Smith died in January 2003. The two loves of her life, Bailey and Dakoda, lost their owner and went to live with Smith’s sister, Angie Cooper, in Swansboro.

When I met 51-year-old Gloria Hamer, cancer invaded her body to the point that her chances of survival were reduced to a mere 2 percent. Her older brother, David Graves of Jacksonville, took in his only sister, determined to be there for her in any way she needed.

Hamer’s body was telling her one thing, but her heart and mind told her something entirely different.

“I’m determined to live as long as I want,” Hamer said during a February 2007 interview. “Nobody can put a date on how long I’m going to live.”

Despite his sister’s stage-four lung cancer, which had metastasized to her brain, Graves stood strong beside Hamer, believing in the power of her experiences and the strength of her faith.

“I want her to sing, teach and minister to those who have no hope,” Graves told me. “Even while she is going through it, she can give hope to someone who has no hope.”

After the story ran, several people battling cancer contacted Hamer for support. A hospice organization in Onslow County arranged for her to spend a week with her family at a beach house on Emerald Isle. A longtime reader of The Daily News sent me a $10 bill to give to Hamer.

She died just a couple of months later on April 4, 2007.

I thought about all these stories when I finally opened that e-mail about Samantha Harvell. Bonnie Langley, Samantha’s aunt, wrote to thank me for writing about her niece, but she also wanted me to know that doctors found spots on one of Samantha’s lungs.

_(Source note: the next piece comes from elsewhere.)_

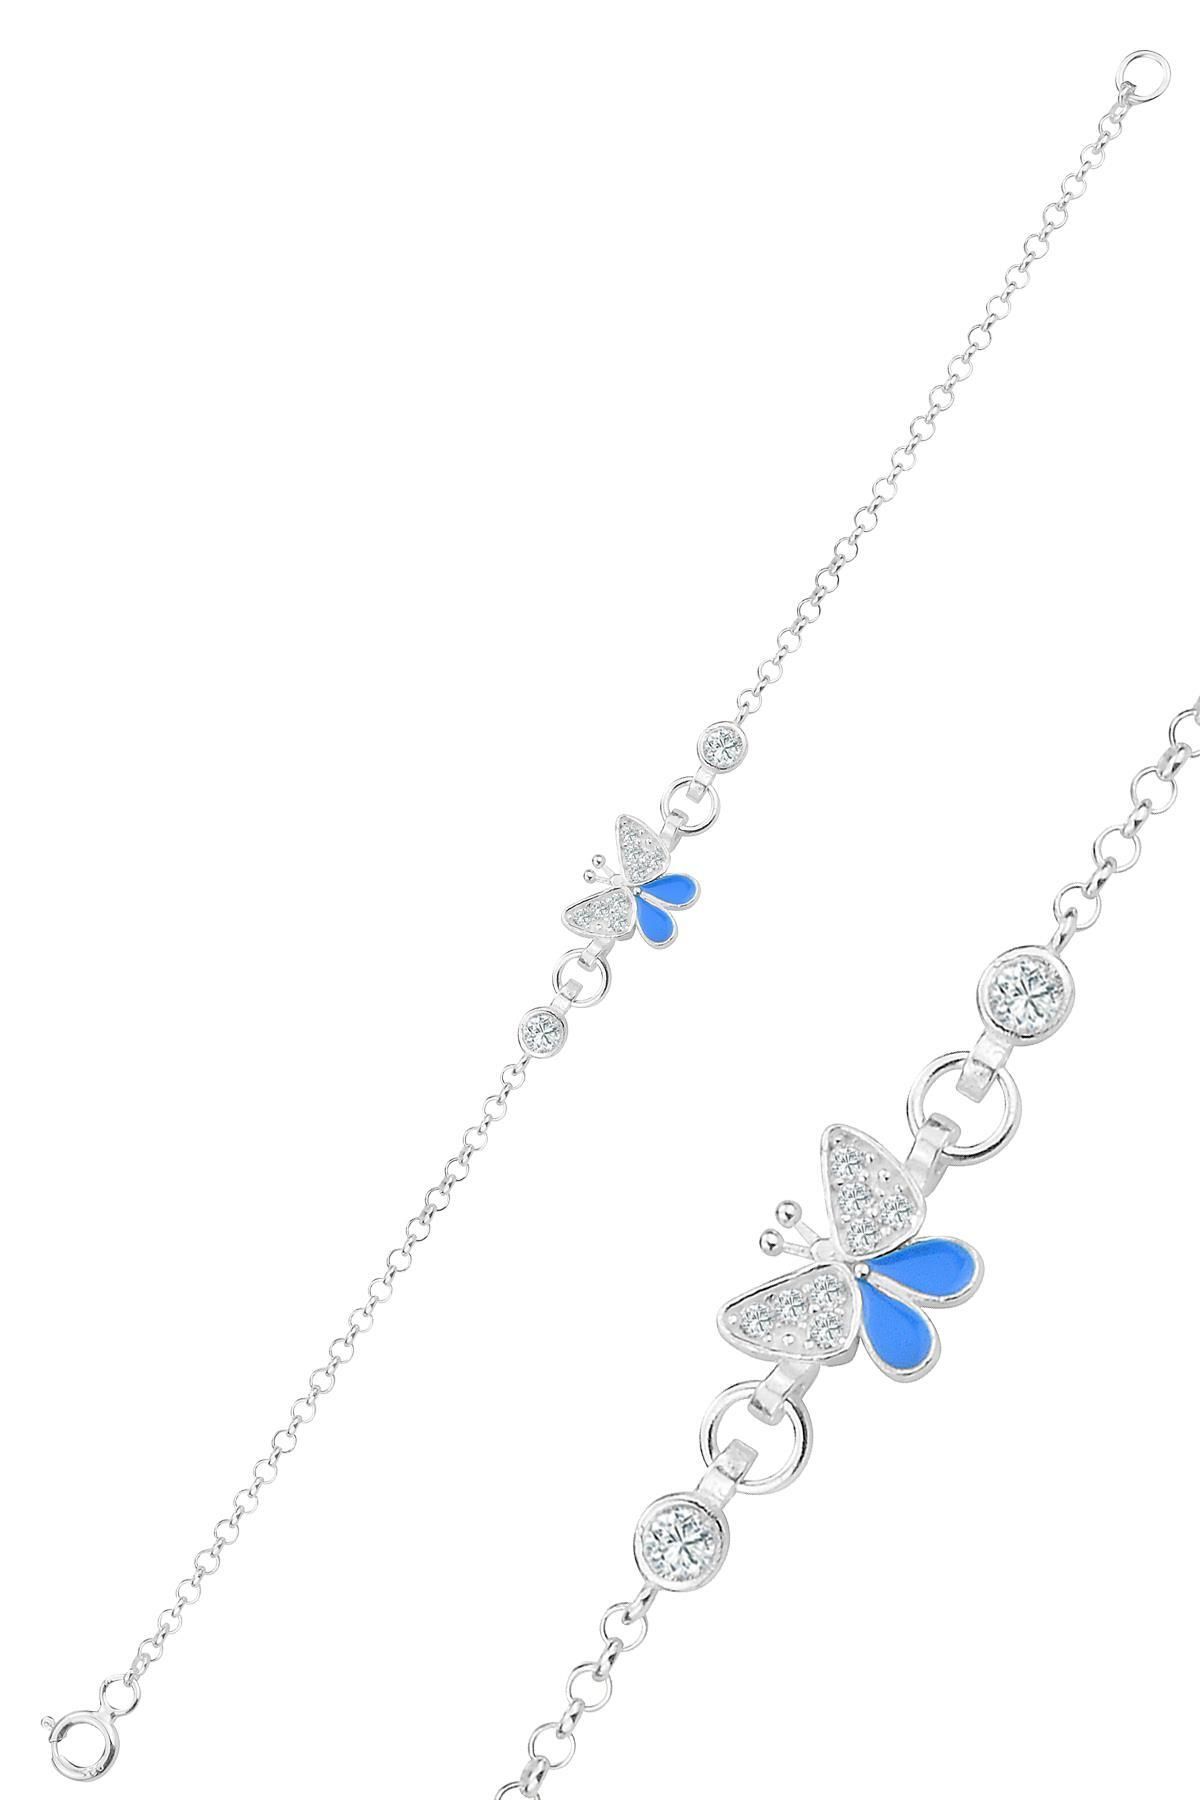 Söğütlü Silver Gümüş zirkon taşlı mavi mineli kelebek modeli çocuk bileklik SGTL12322MAVI

She had surgery Friday.

The surgery went OK, but Samantha is in a lot of pain. Doctors found spots on her other lung as well so another surgery is planned for next month.

“I am not sure what, if anything, anyone can do,” Langley wrote. “Perhaps just send out your prayers.”

Initially, my heart sank. Even though Samantha had set me straight that it would take five years before doctors would say she was in remission, I hoped — I believed — she was winning the fight. After I read that e-mail, I couldn’t keep Samantha from my mind. Deeply saddened by her recent setback, I worried that this horrific disease would steal another vibrant spirit from this world.

Since then, I’ve decided to turn to the words given to me by an incredibly wise 14-year-old. It’s during these times that I’m glad I take a lot of notes.

“You can’t think about what’s wrong,” Samantha told me in February. “You can’t say, ‘Oh my gosh, I’m losing my hair.’ Instead, you think, I can’t wait until it comes back.

“You can’t give up. You can’t think, I can’t do this.”